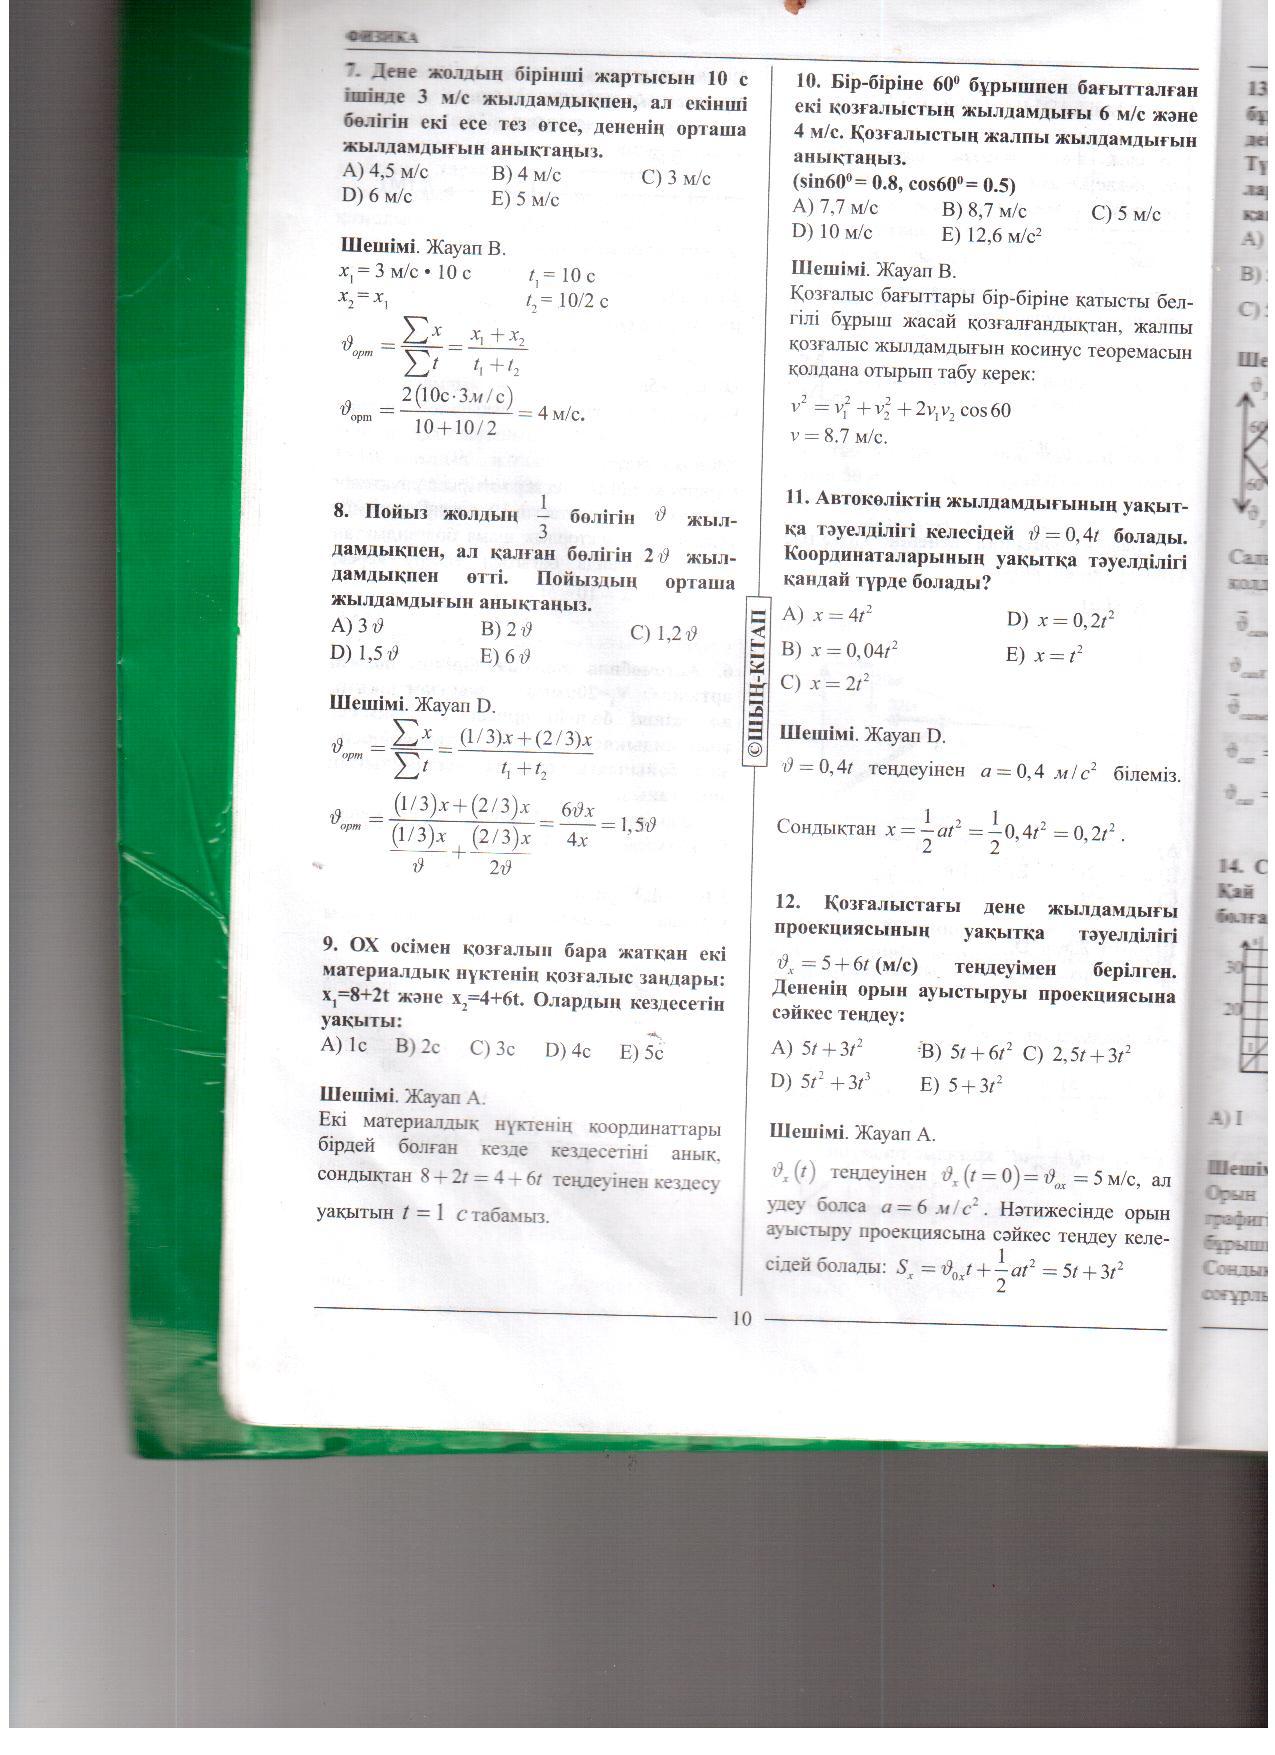 C:\Documents and Settings\Admin\Мои документы\Мои рисунки\Изображение\Изображение 013.jpg
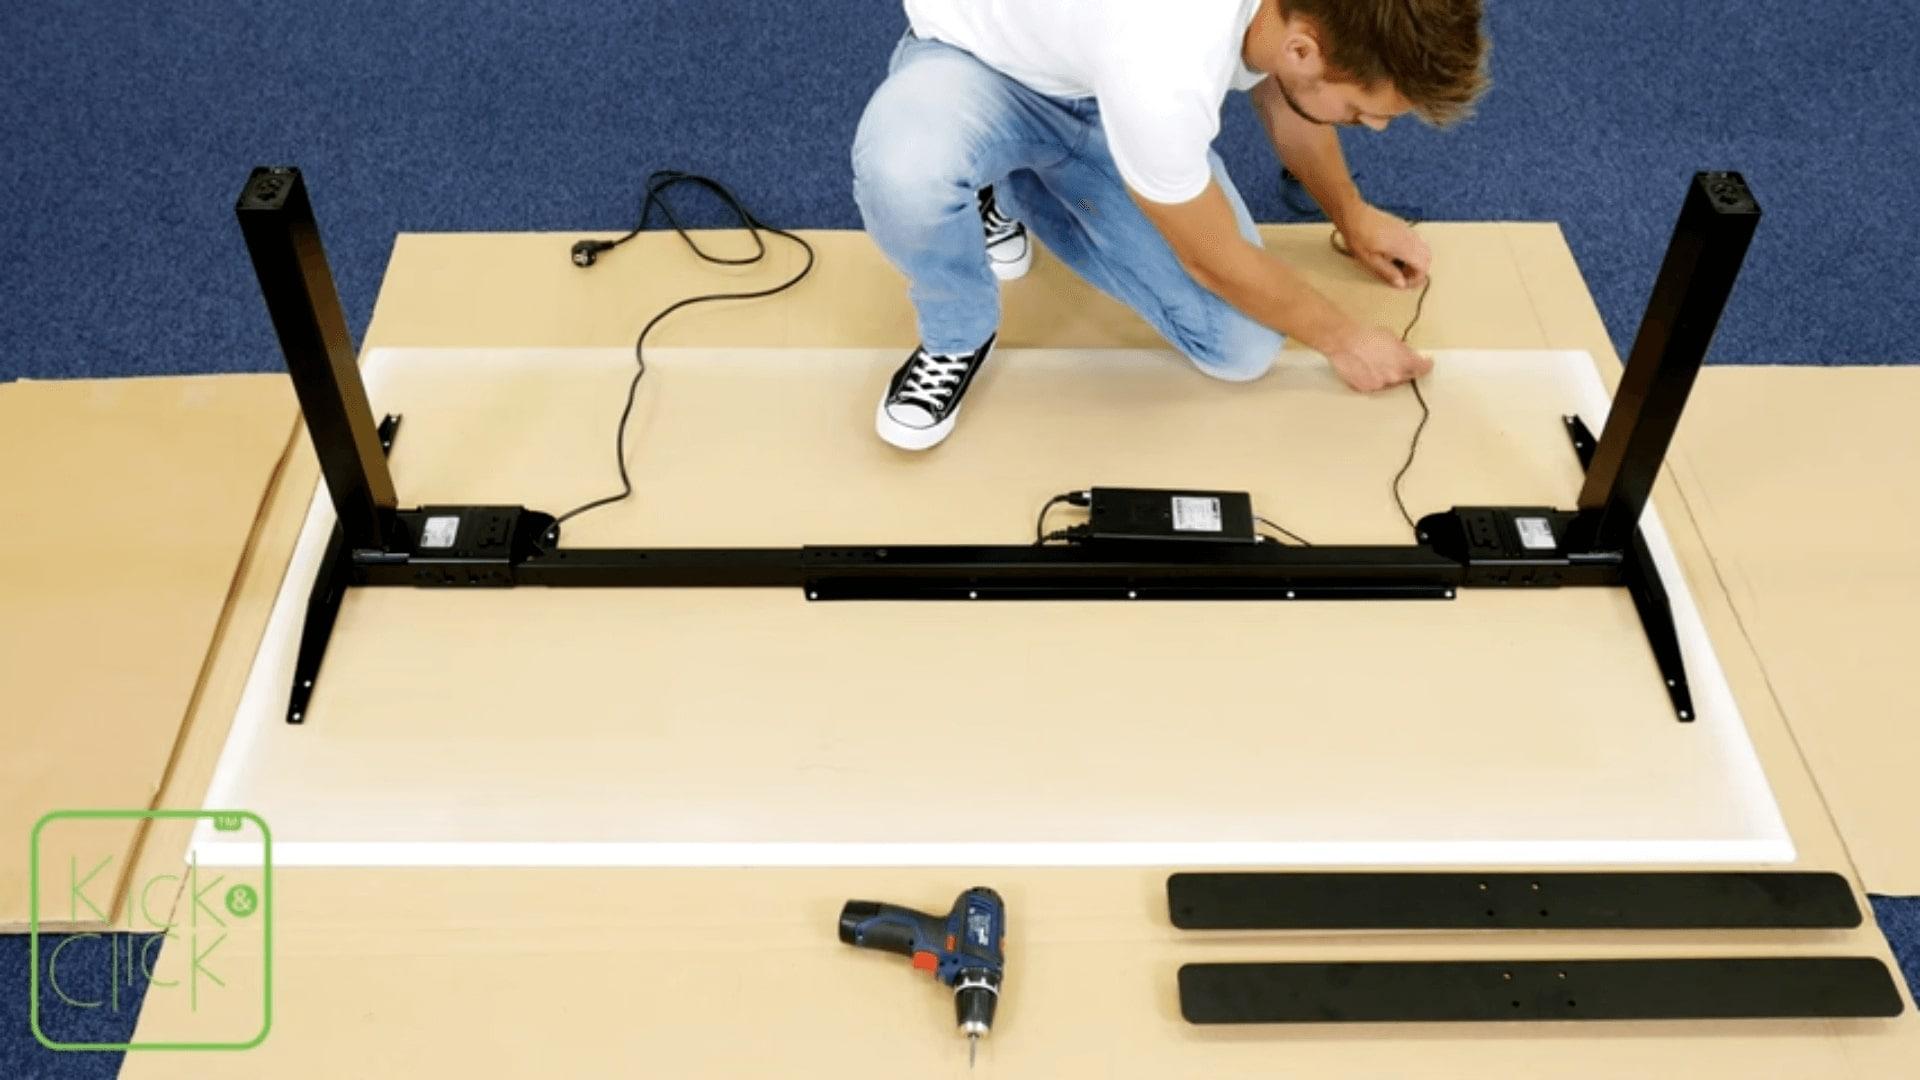 Kick & Click de LINAK - Cómo desmantelar fácilmente un escritorio de oficina
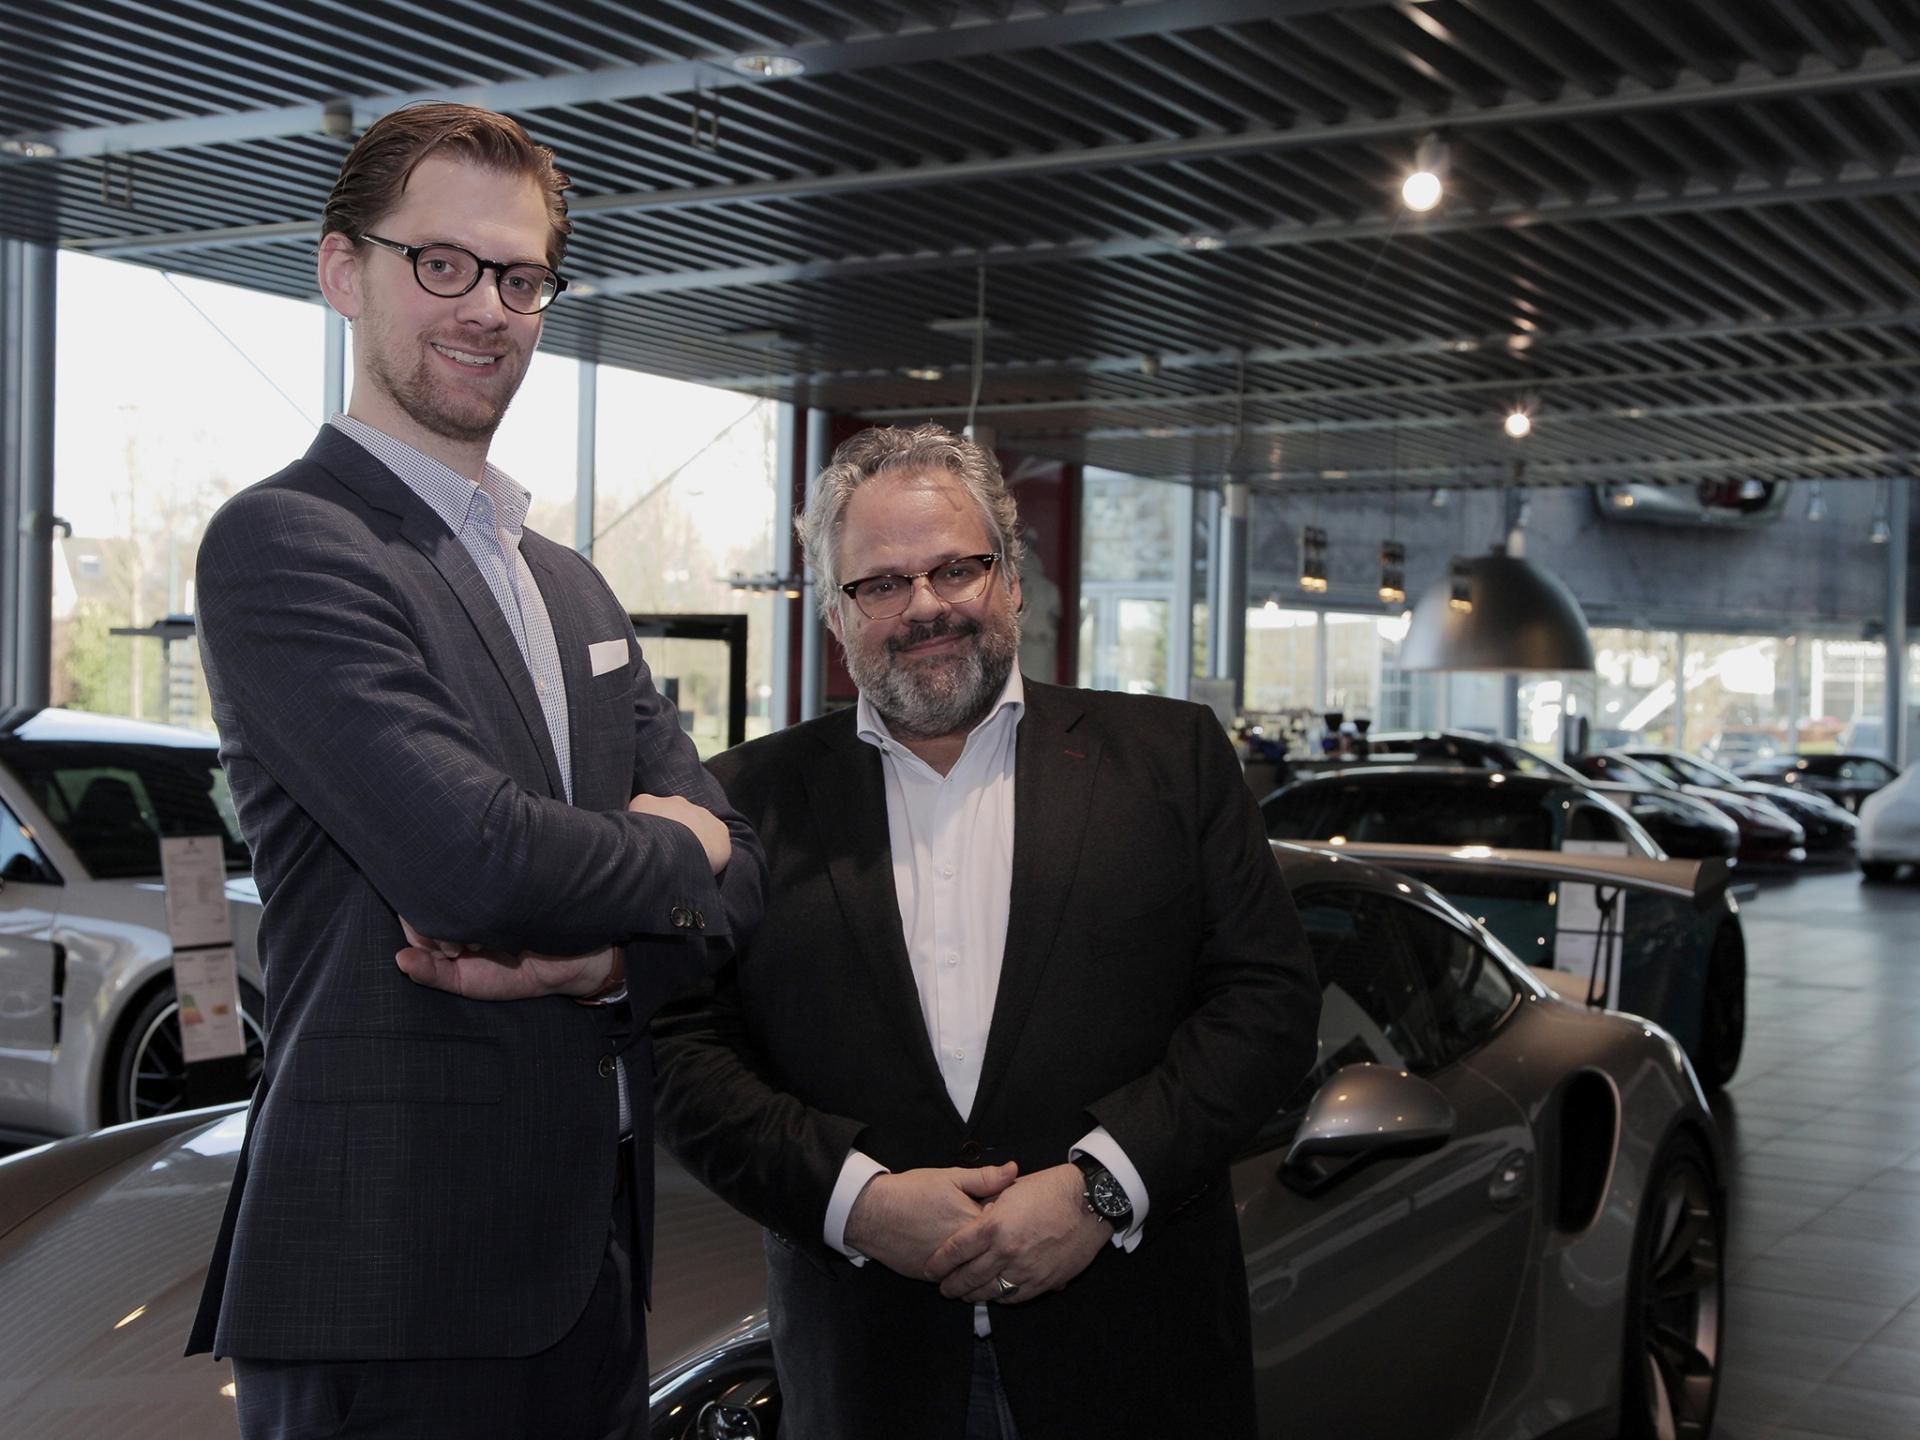 Blik op Wielen – Bas van Werven & Niels van Roij
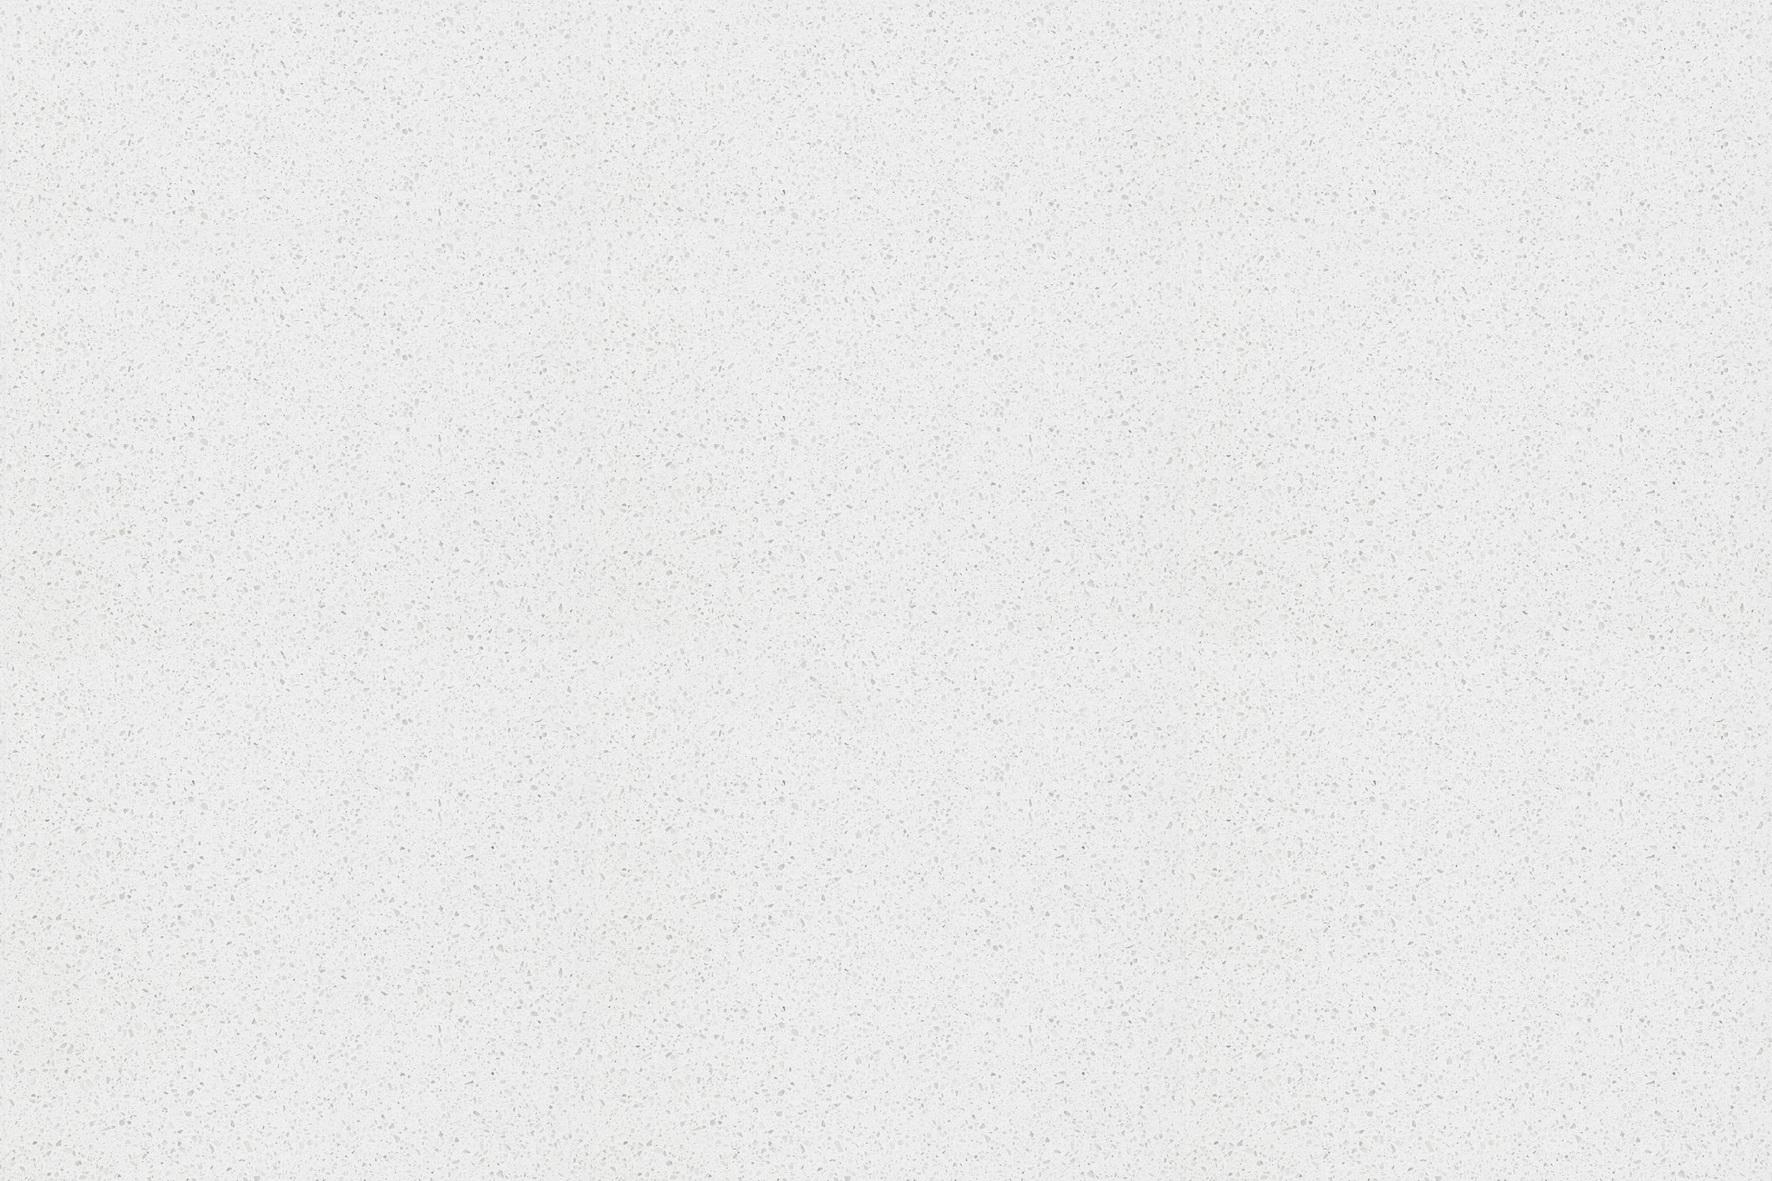 ARCTIC WHITE-UNIPLUS - UNIPLUS-LUCIDE Foto: 1_58328_37602.jpg
****
Instructions for the task: Quote exactly the lines from the one that contains "Blik op Wielen" through the end of the listing above, both ends included, leaving out the pictures.

Output for this exercise:
 Blik op Wielen – Bas van Werven & Niels van Roij
 ARCTIC WHITE-UNIPLUS - UNIPLUS-LUCIDE Foto: 1_58328_37602.jpg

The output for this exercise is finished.